Template matching works in a way that is very similar to filtering: slide the template image over every location in the target image, computing some sort of metric at each position. In practice, one commonly used choice for an error metric is the one that you've already used for matching keypoint descriptors: z-normalized sum square error. Another choice is normalized cross-correlation. Once these metrics have been computed, simply find the argmin (for SSE) or argmax (for NCC), and this will be the location of the best match.

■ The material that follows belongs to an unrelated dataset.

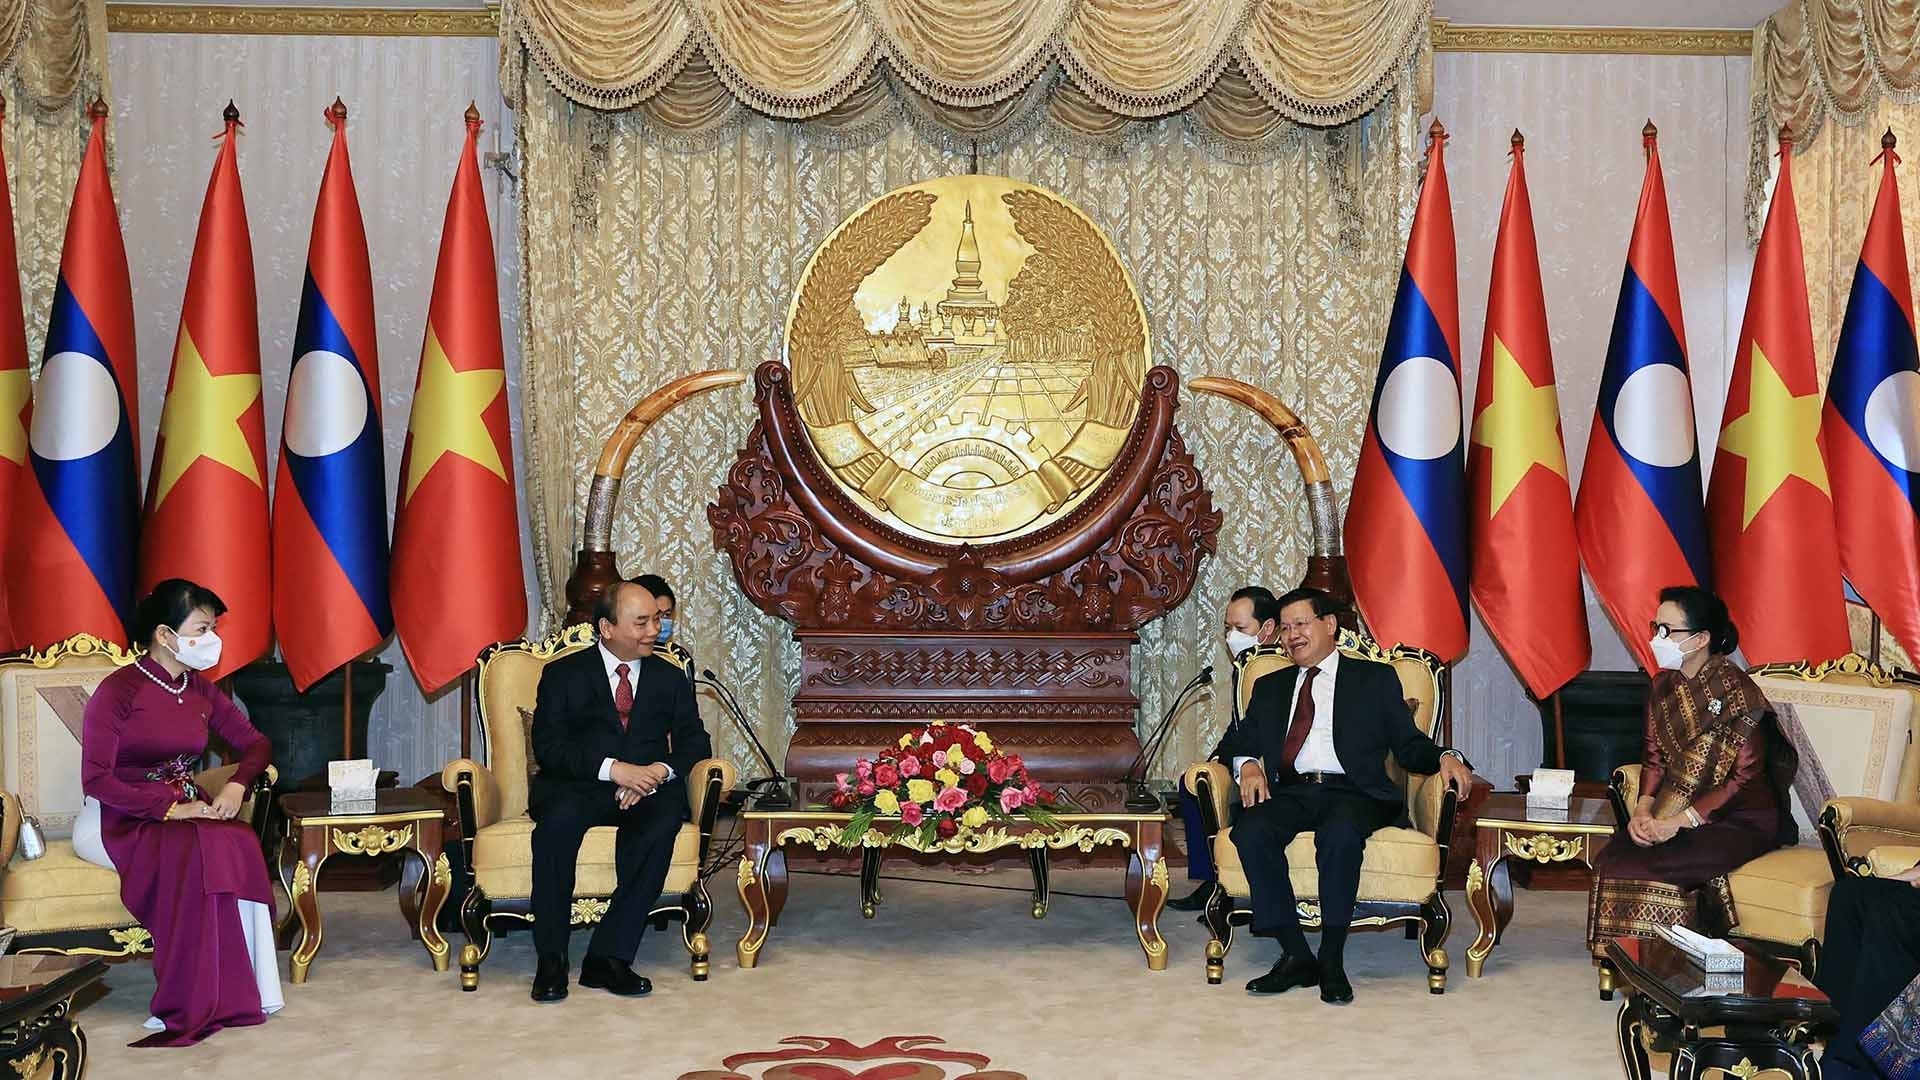 应老挝人民革命党中央委员会总书记、老挝人民民主共和国主席通伦•西苏里的邀请，越共中央政治局委员、越南国家主席阮春福携夫人同越南党和国家高级代表团于2021年8月9日对老挝进行正式友好访问。

Not so fast!!! What about scale!

Oh, no. As it turns out, the template I've provided is not the same scale as the Waldo in the image. To deal with this, you'll need to create an image pyramid for the template (See Szeliski 3.5, and Mubarak Shah's lecture on this topic). This essentially just means creating a sequence of downsampled images of the template, and trying each one in hopes that one of the resulting down-scaled templates matches the feature in the target image. Create a sequence of templates with which to perform feature matching, each one 1/2 the resolution of the previous (so 1/4 the total number of pixels). To avoid aliasing, before downsampling perform a σ=1 Gaussian Blur of the image. Once you've built your image pyramid, find the argmin/max in 3 dimensions (u,v,template scale).

Image Pyramids and Gaussian Reductions

An Image Pyramid showing a few downsampled template images.

# Function to perform the gaussian reduction
def reduce(template, a=.4, b=.25, c=.10):
    
    h = template.shape[0]
    w = template.shape[1]
    reduced = np.zeros((h//2, w//2))
    for i in range(2,h-2):
        for j in range(2,w-2):
            pixel_w = a*template[i][j] + b*template[i+1][j] + b*template[i-1][j] + c*template[i-2][j] + c*template[i+2][j]
            pixel_h = a*template[i][j] + b*template[i][j+1] + b*template[i][j-1] + c*template[i][j+2] + c*template[i][j-2]
            reduced[i//2][j//2] = (pixel_w + pixel_h) / 2
    
    # Just cut off the image border, it's easier this way
    new_h = reduced.shape[0]-4
    new_w = reduced.shape[1]-4
    trimmed = np.zeros((new_h, new_w))
    trimmed = reduced[2:reduced.shape[0]-2, 2:reduced.shape[1]-2]
    return trimmed
                            

# Function that creates the image pyramid calling the gaussian reduction
def create_pyramid(template):
    image_pyramid = []
    image_pyramid.append(template)
    while(template.shape[0] > 25):
        template = reduce(template)
        image_pyramid.append(template)
        
        
    return image_pyramid

image_pyramid = create_pyramid(waldo_template)
                            

There's Waldo!

# Find waldo
# Height and width of waldo_1.jpg
map_height = waldo_1.shape[0]
map_width = waldo_1.shape[1]
                                    
# Variables to store best_sse, and i,j of best_sse
best_sse = np.inf
best_location = None
                                    
for template in image_pyramid:
    temp_h = template.shape[0]
    temp_w = template.shape[1]
    print("Searcing for waldo with template of size :", (temp_h, temp_w))
    for i in range(temp_h, map_height):
        for j in range(temp_w, map_width):
            image_patch = waldo_1[i-temp_h:i, j-temp_w:j]
            sse = imp.sum_squared_error(template, image_patch)
            if(sse < best_sse):
                best_sse = sse
                best_location = [(i-temp_h,j-temp_w), template]
                                    
# Finished now print the best location!
print("Found waldo at: ", best_location[0])

                                

Shows the proposed location of Waldo!